Stability and Robustness
One of the key advantages of convex optimisation is stability, solutions are less sensitive to initial conditions and algorithmic choices.
This is particularly important in financial contexts, where:
data may be noisy
estimates may be uncertain
models may be imperfect
A convex framework provides a degree of robustness. While it does not eliminate sensitivity to inputs, it ensures that the optimisation process itself does not introduce additional instability.
Constraints and Real-World Implementation
In practice, portfolio optimisation is subject to constraints.
These constraints reflect real-world considerations such as:
liquidity limitations
regulatory requirements
risk management policies
Convex optimisation allows these constraints to be incorporated directly into the model. This ensures that the resulting portfolio is not only theoretically optimal, but also feasible in practice. The inclusion of constraints transforms the optimisation from a purely mathematical exercise into a structured decision-making process.
Regularisation and Sparsity
Convex frameworks can incorporate regularisation techniques. Regularisation introduces additional terms into the objective function to control the structure of the solution.
For example, penalties may be applied to:
large positions
rapid changes in allocation
concentration of risk
These techniques help prevent overfitting to historical data and improve out-of-sample performance. They also contribute to interpretability, producing portfolios that are more stable and manageable.
Risk Measures and Convexity
The choice of risk measure influences the formulation of the optimisation problem, variance is commonly used due to its convexity.
However, alternative measures such as:
conditional value at risk
drawdown-based metrics
Can also be incorporated within convex frameworks under certain conditions, this flexibility allows for a broader representation of risk.
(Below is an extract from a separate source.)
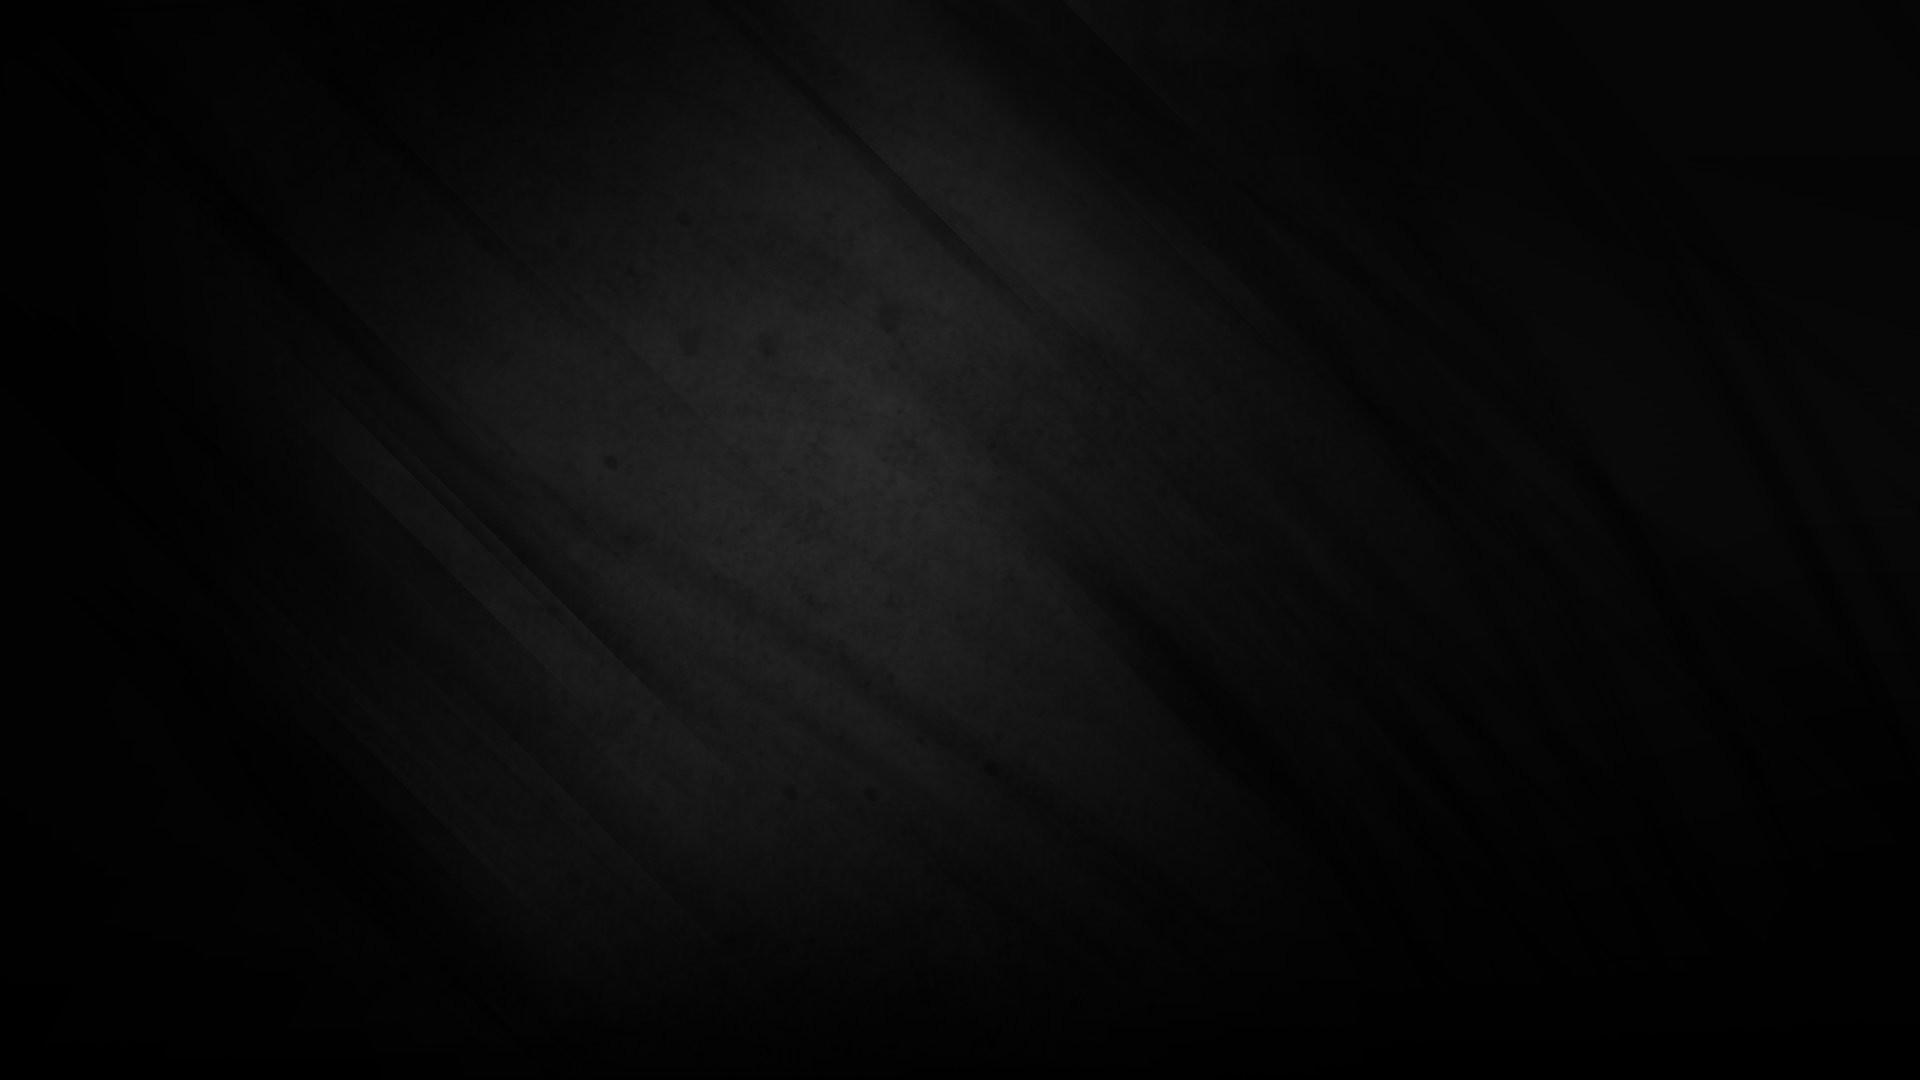 black wallpaper 1 black wallpaper 2 …

Limitations of Convex Approaches
Despite its advantages, convex optimisation is not a complete solution.
The framework relies on assumptions about:
expected returns
covariance structures
stability of relationships
These inputs are uncertain and may change over time.
Additionally, not all relevant aspects of financial markets are easily expressed in convex form. Some features, such as discrete decisions or complex non-linear relationships, may require non-convex formulations.
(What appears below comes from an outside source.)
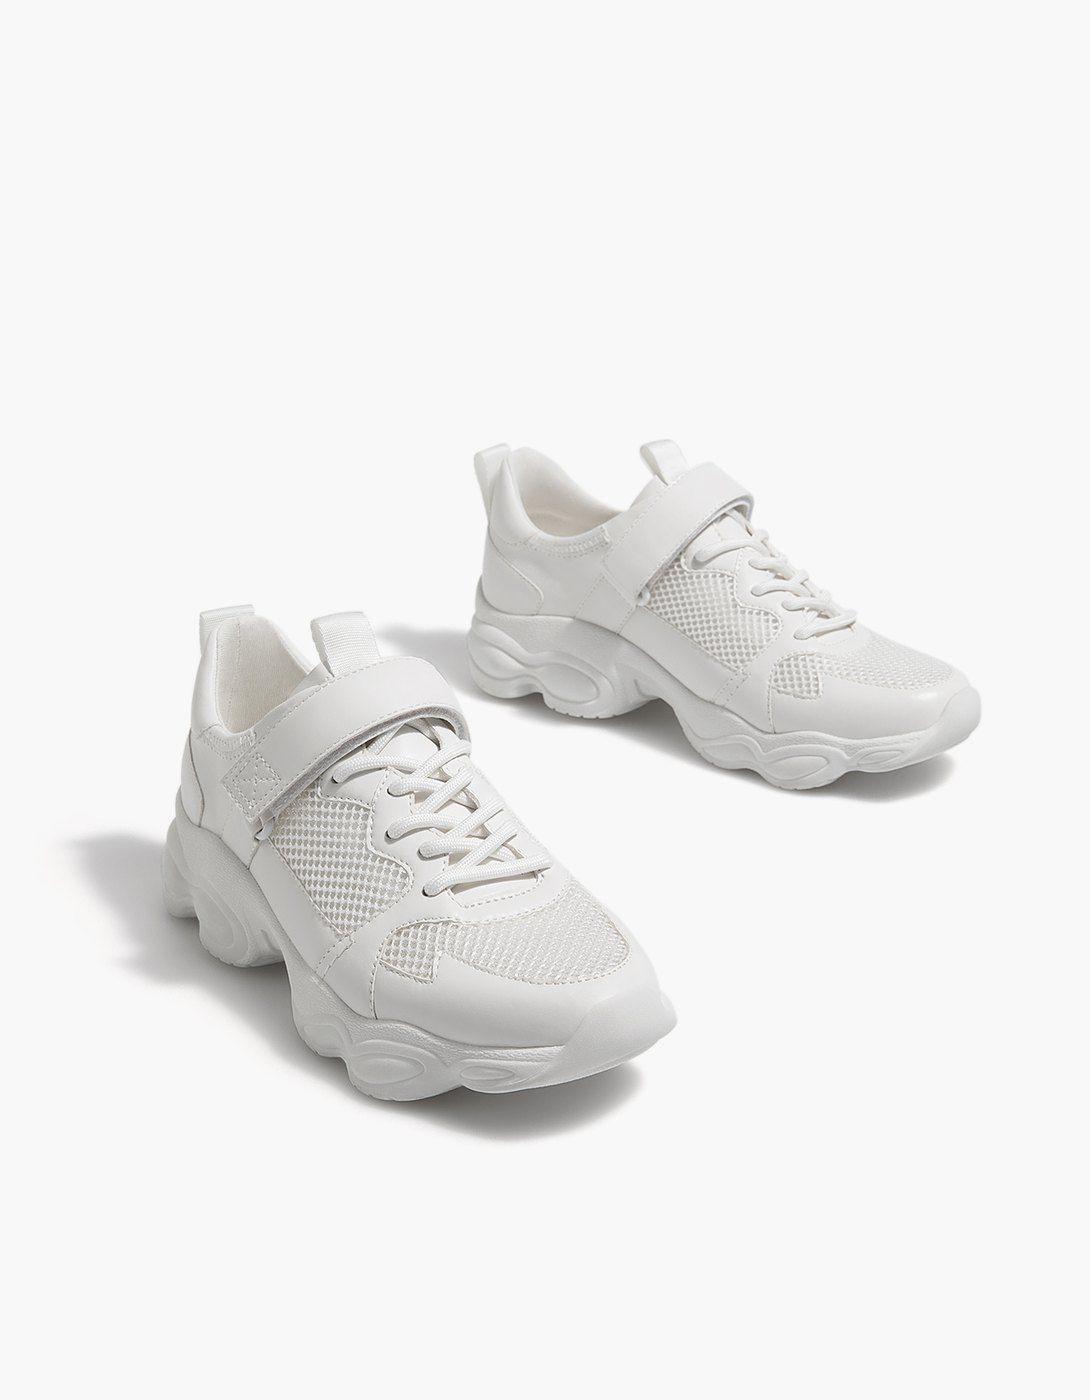 the latest 24b8c ff5c2 White contrasting sneakers - All   Stradivarius United Kingdom Huaraches,  Nike Huarache, Summer Sale

Convex optimisation provides clarity and tractability, but it does not eliminate model risk.
The MorMag Perspective
At MorMag, convex portfolio optimisation is used as a foundational tool for capital allocation. It provides a structured framework for balancing risk and return under constraints. However, its outputs are interpreted within a broader context.
This includes:
probabilistic assessment of inputs
awareness of model limitations
integration with dynamic market analysis
The objective is not to rely solely on optimisation, but to use it as part of a comprehensive decision-making process.
From Mathematics to Allocation
Convex optimisation bridges the gap between mathematical theory and practical allocation. It translates abstract objectives into concrete portfolios, ensuring that decisions are consistent with defined criteria; this translation is essential, as without it, insights remain theoretical.
Conclusion
Convex portfolio optimisation provides a powerful framework for structuring capital allocation in financial markets.
By ensuring that optimisation problems are well-defined and tractable, it enables reliable identification of optimal solutions within the constraints of the model. While subject to limitations related to inputs and assumptions, it offers stability, clarity, and flexibility.
At MorMag, this framework forms part of a disciplined approach to portfolio construction, integrating mathematical rigour with contextual understanding.
In financial markets, the challenge is not only to identify opportunities, it is to allocate capital effectively. Convex optimisation provides a foundation for meeting that challenge with structure and precision.